Vance Trimble (1913–2021)

Vance Henry Trimble was a prolific award-winning journalist, biographer, and newspaperman from Harrison (Boone County). In 1960, Trimble won the Pulitzer Prize for national coverage, the Sigma Delta Chi Award for distinguished Washington coverage, and the Raymond Clapper Award for that year’s best reporting.

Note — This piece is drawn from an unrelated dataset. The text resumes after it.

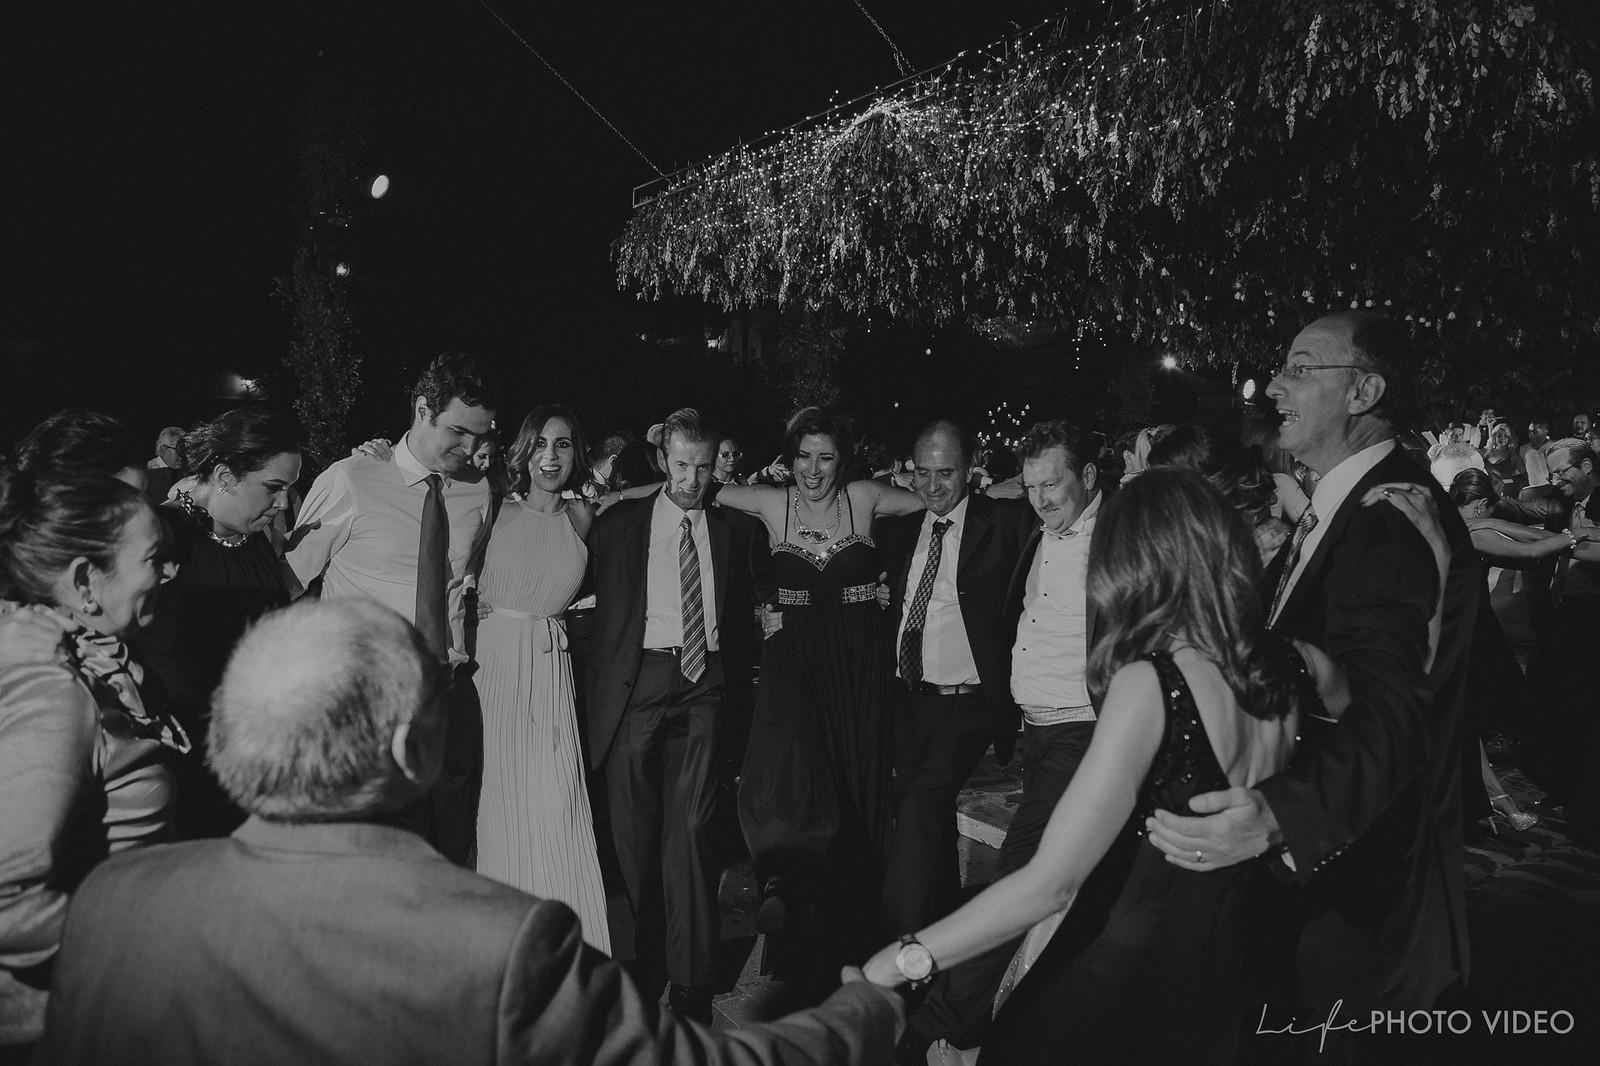 LifePhotoVideo_Boda_Guanajuato_Wedding_0074

Vance Trimble was born in Harrison on July 6, 1913. His father, Guy L. Trimble, was a lawyer, and his mother, Josie Trimble, was a poet and writer. By 1920, anti-union violence and mob rule, culminating in what has been called the Harrison Railroad Riot, forced Guy Trimble to resign as mayor and move his family to Okemah, Oklahoma, where Vance Trimble grew up. Trimble’s mother directed plays at Okemah’s Crystal Theater, and when Trimble was fourteen, he was hired by the Okemah Daily Leader as a “cub reporter.” He worked there after school for $1.50 a week.

In 1929, his family moved to Wewoka, and he graduated from Wewoka High School in 1931. Trimble was editor of the school newspaper, The Little Tiger. He also worked as a reporter for the Wewoka Times-Democrat covering local politics, sports, and other news. Just after graduation, he married Elzene Miller.

During the Great Depression, Trimble and his wife traveled around the country in a 1926 Chevrolet coupe with bald tires searching for work with newspapers and doing typewriter repair. After more than a year on the road, Trimble landed jobs at the Oklahoma cities of Okmulgee, Muskogee, and Tulsa, though he was later fired for joining a workers’ union called the Newspaper Guild.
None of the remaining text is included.